▸ **EXERCISE REQUIREMENTS**: Take the records below and set down exactly the lines from the one with "Chelsea captain John" to the one with "The Planetary Sun", ends included; do not copy the pictures.

▸ **EXTRACTED ENTRIES**:
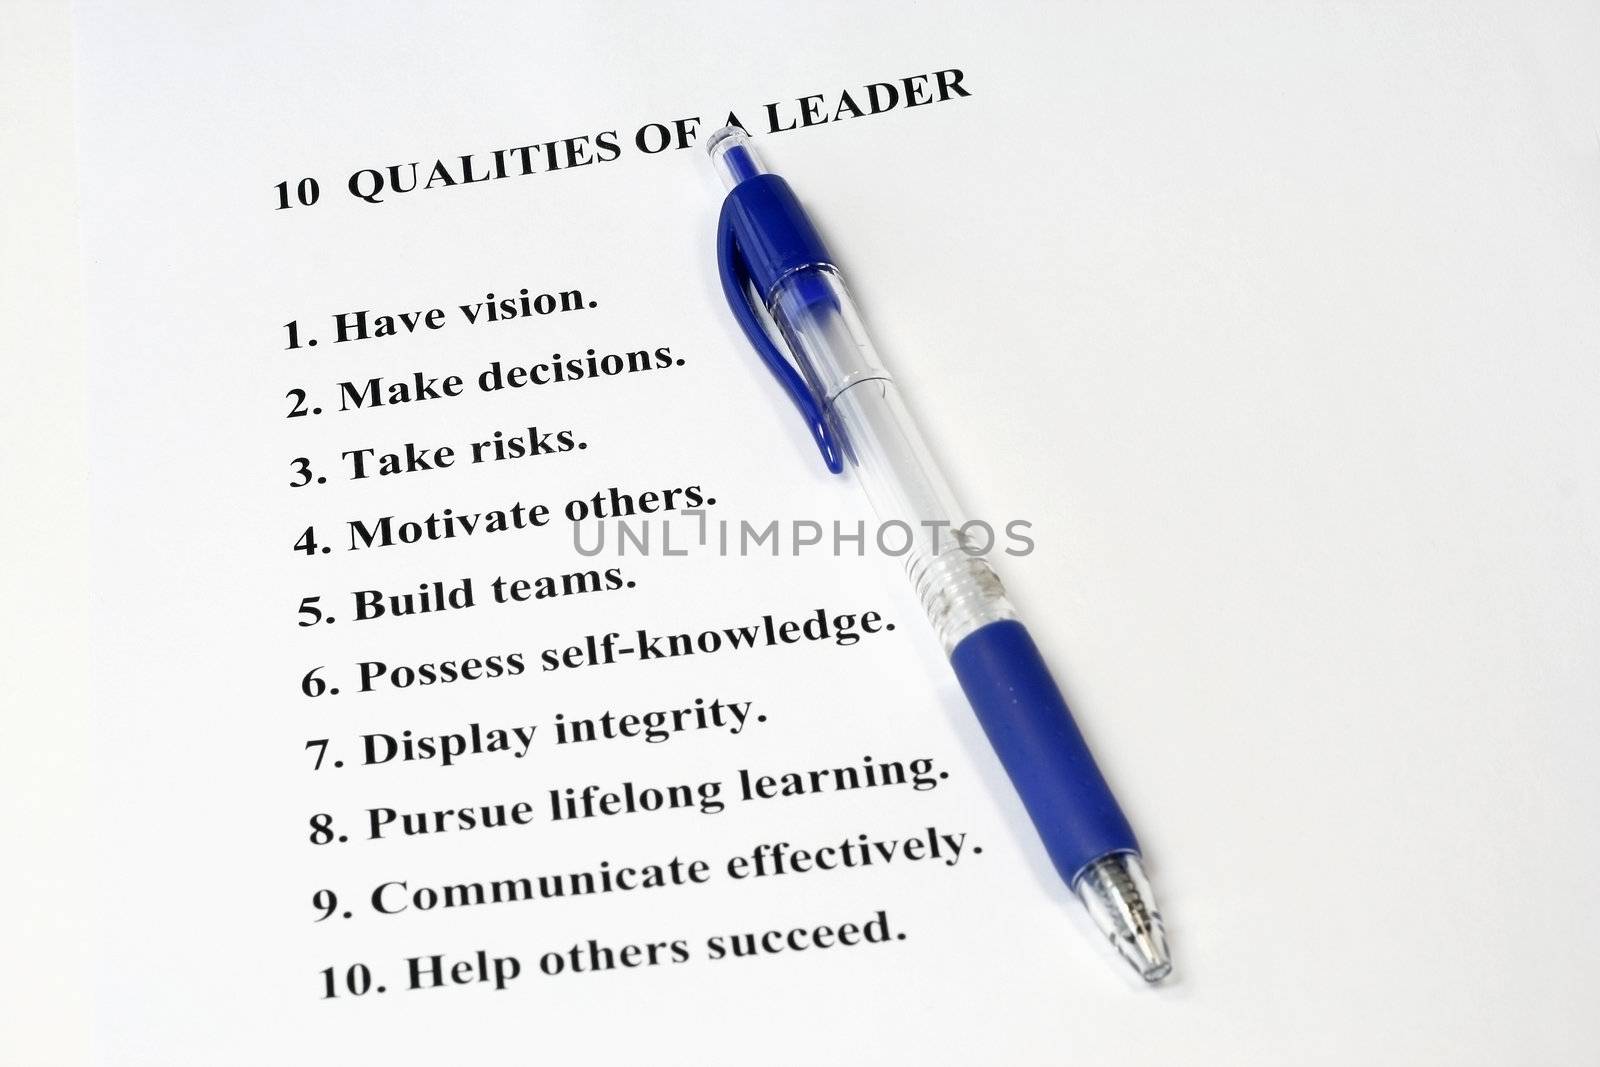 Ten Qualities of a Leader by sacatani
* * *
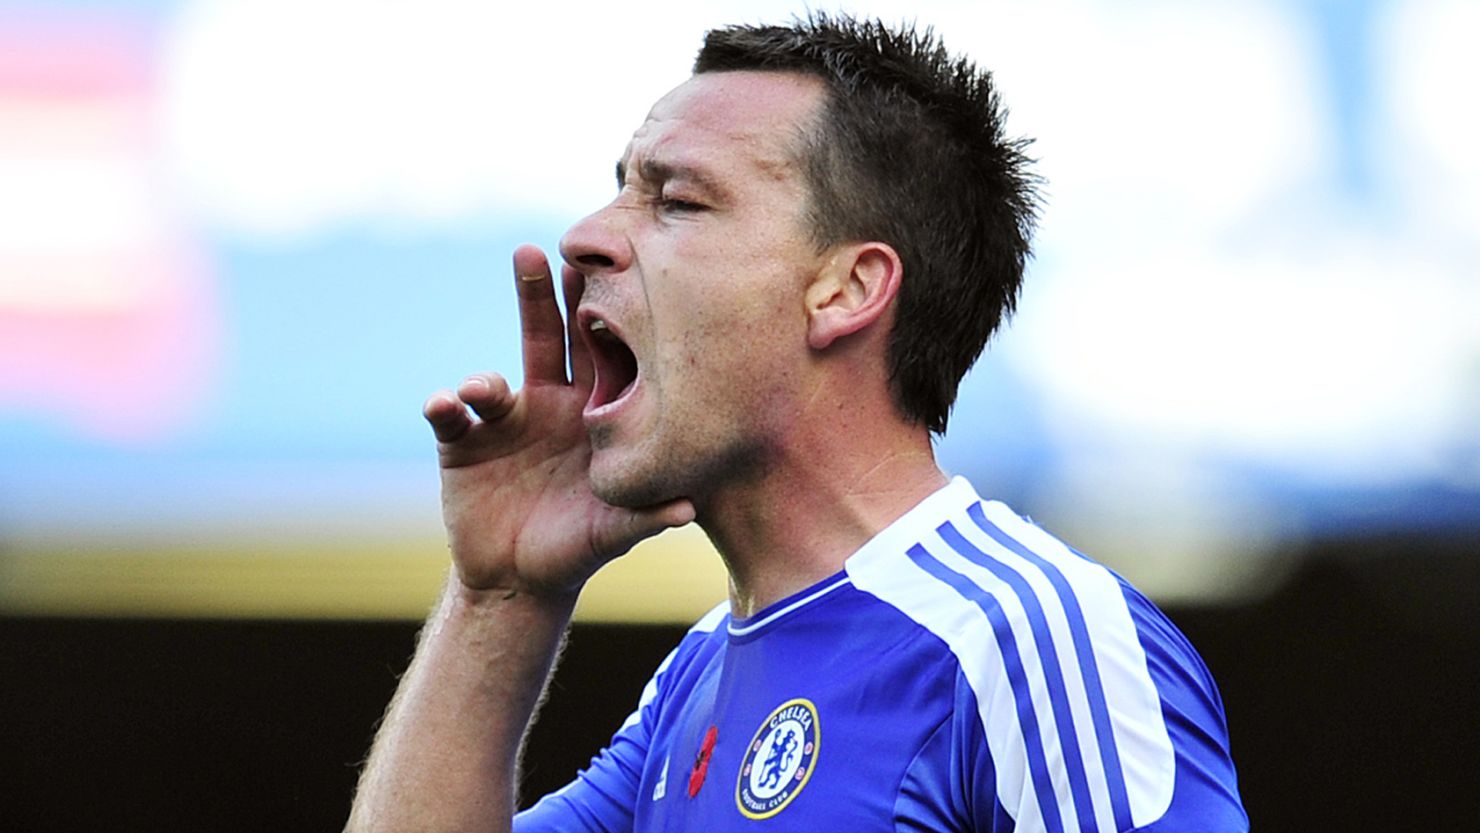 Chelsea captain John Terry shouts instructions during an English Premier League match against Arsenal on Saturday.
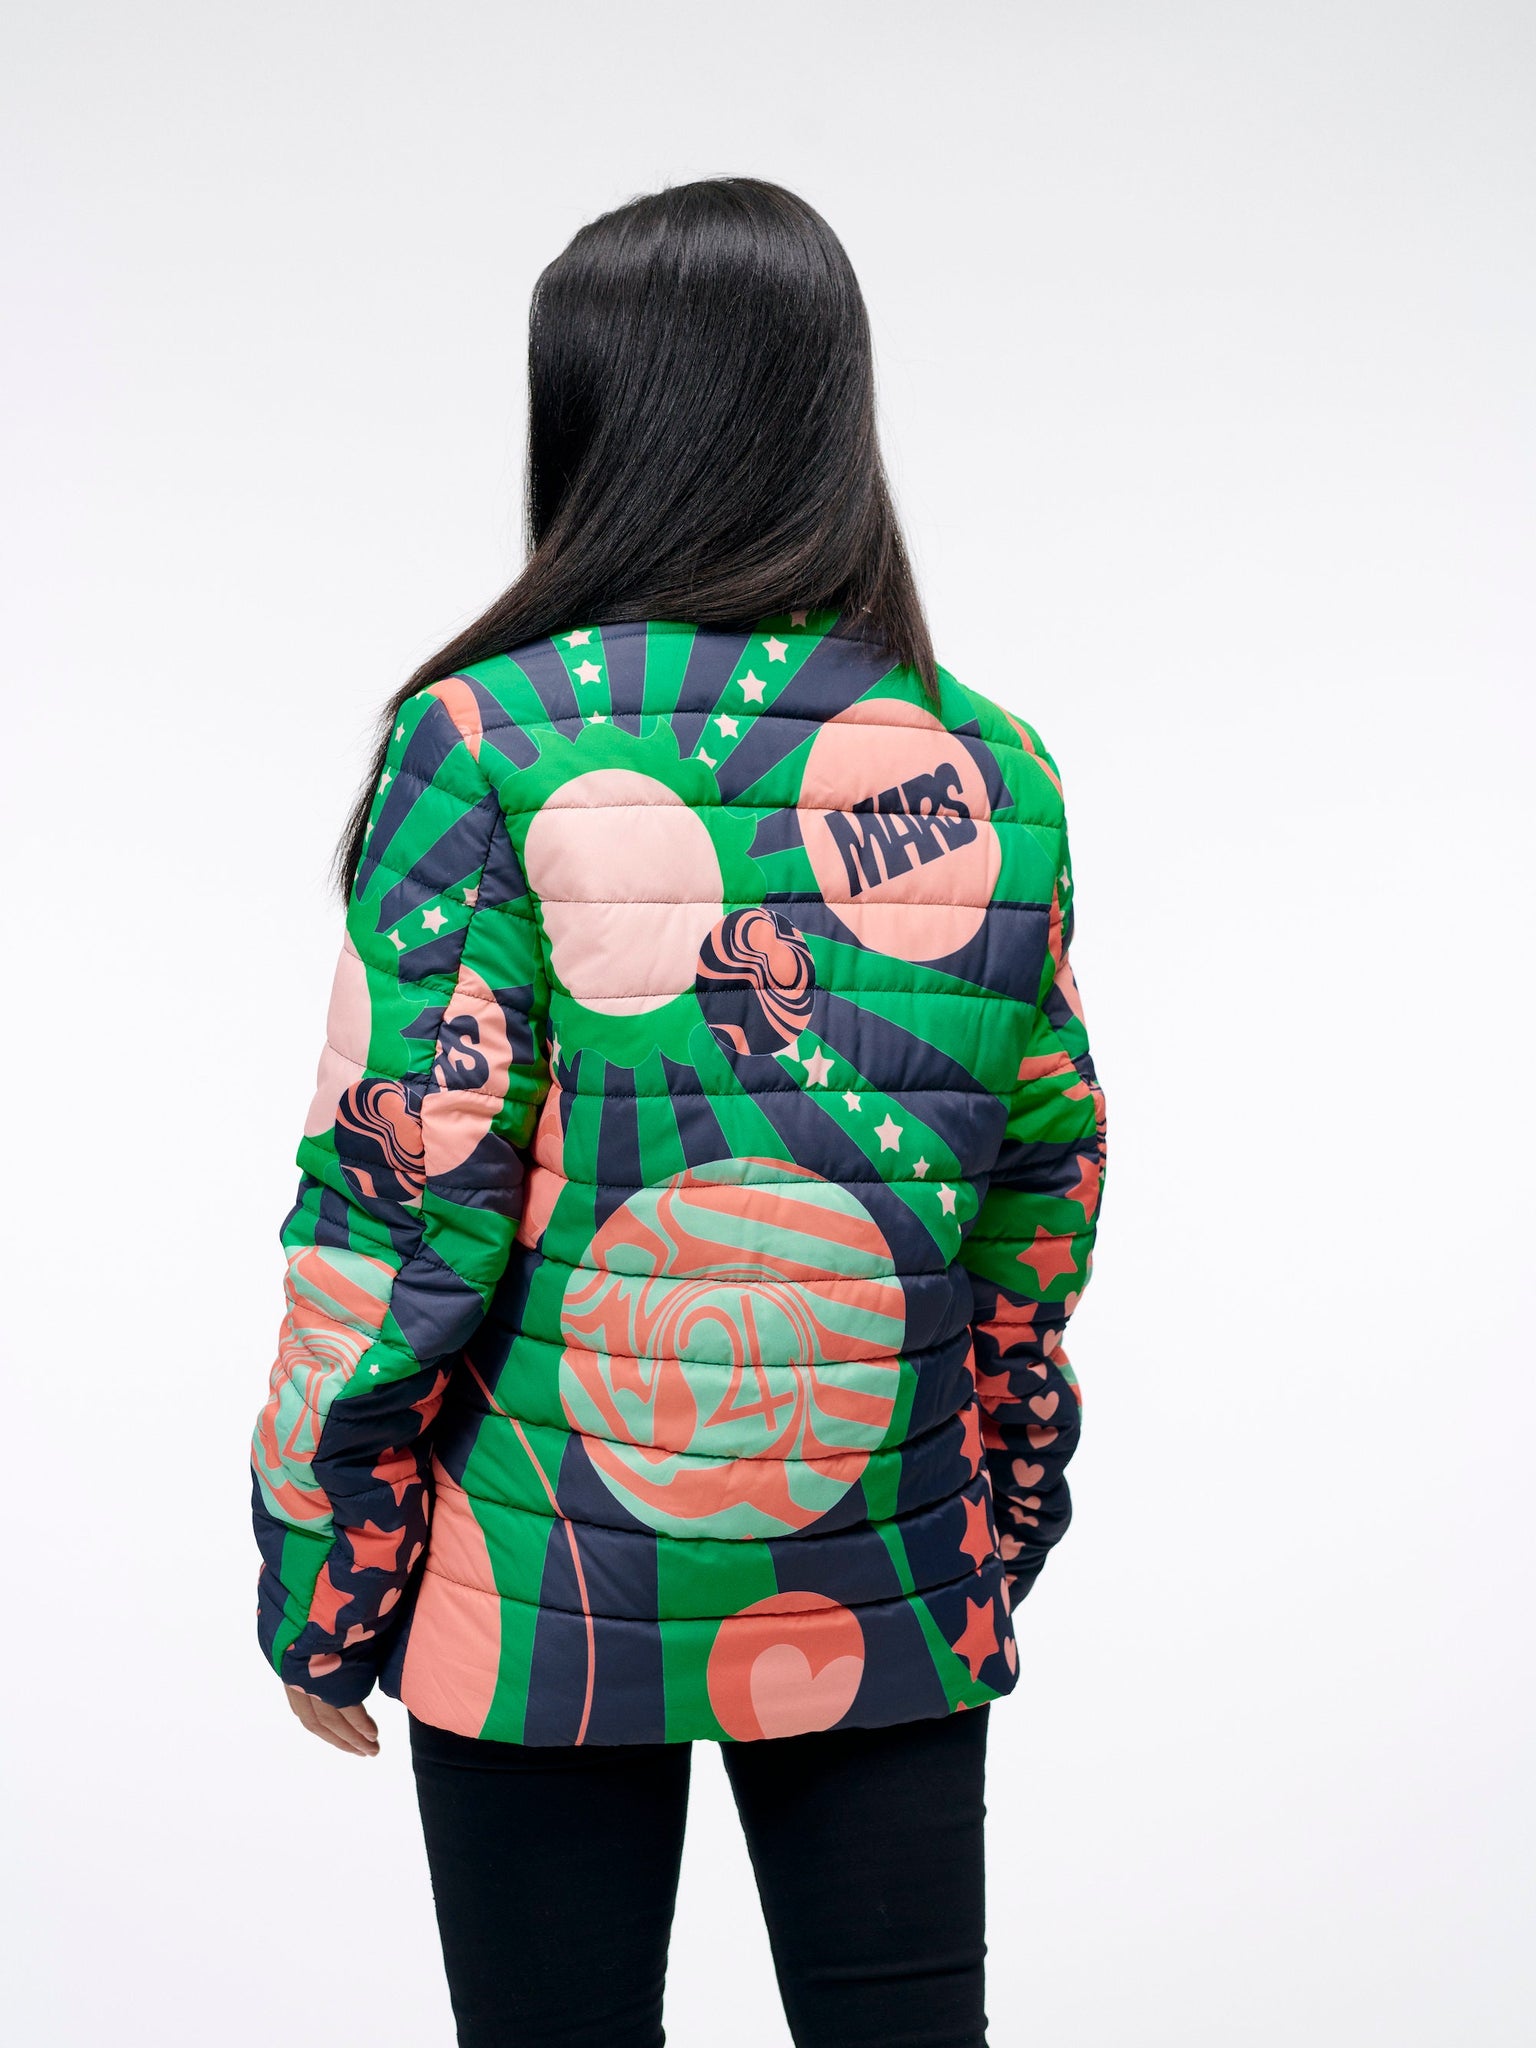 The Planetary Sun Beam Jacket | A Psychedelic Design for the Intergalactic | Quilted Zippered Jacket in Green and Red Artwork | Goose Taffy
* * *
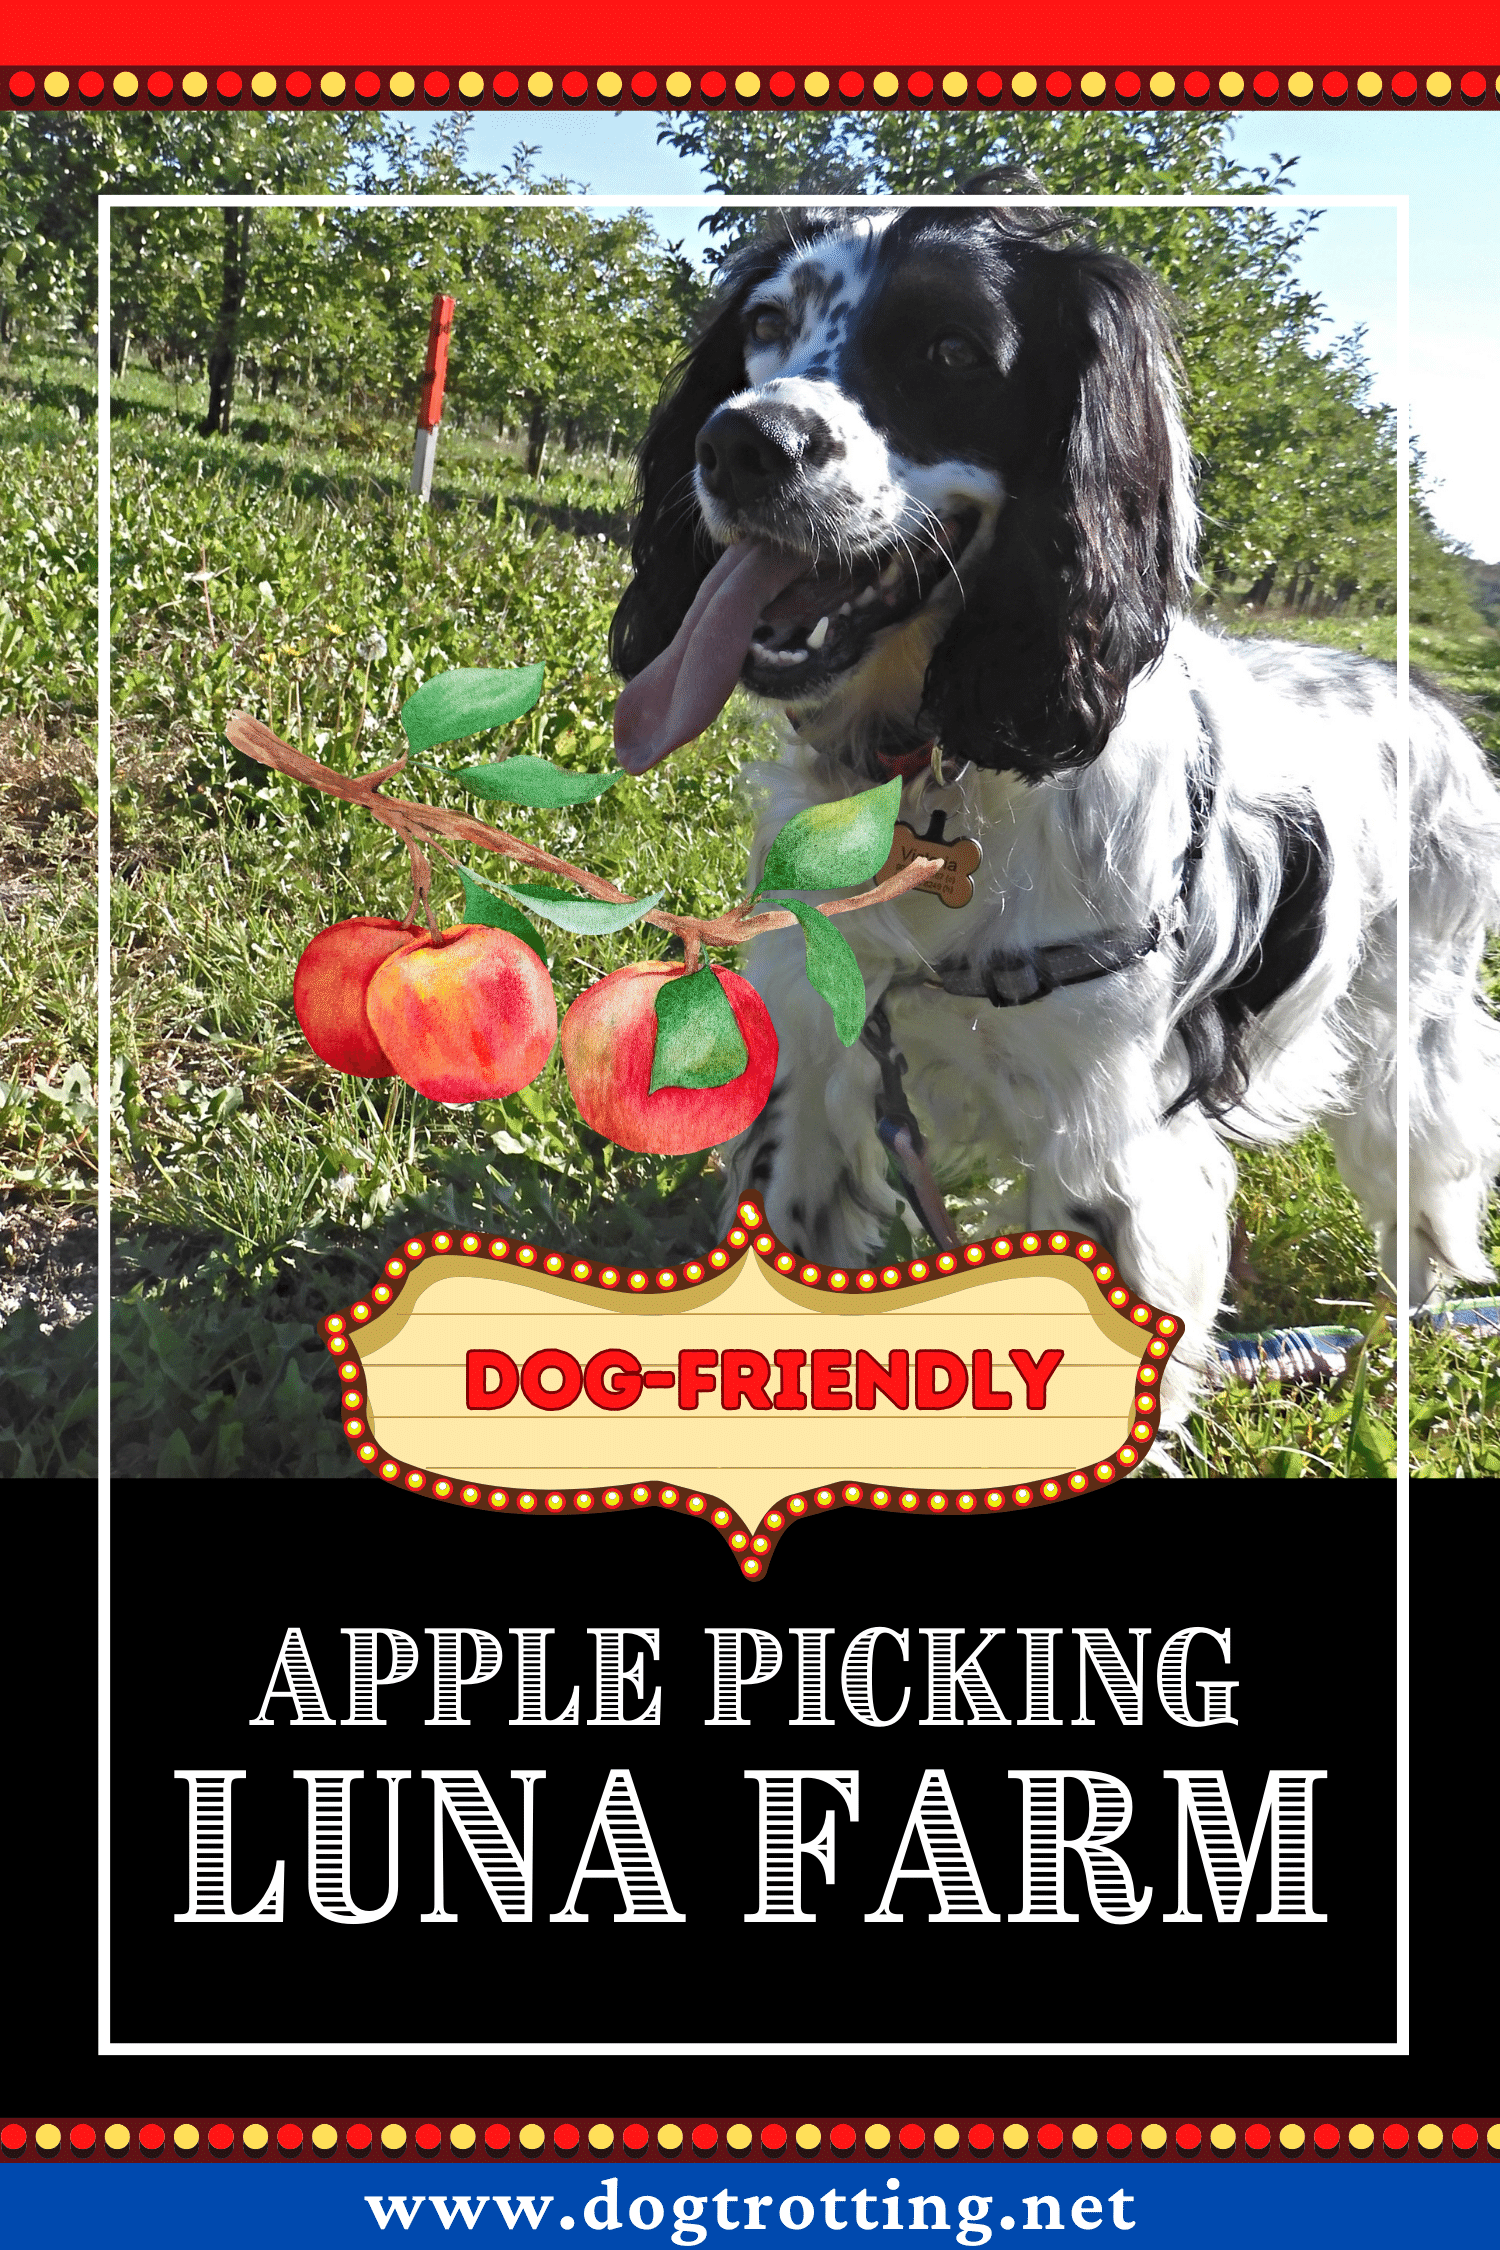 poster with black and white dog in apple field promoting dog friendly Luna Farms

▸ **EXPECTED ANSWER**:
 Chelsea captain John Terry shouts instructions during an English Premier League match against Arsenal on Saturday.
 The Planetary Sun Beam Jacket | A Psychedelic Design for the Intergalactic | Quilted Zippered Jacket in Green and Red Artwork | Goose Taffy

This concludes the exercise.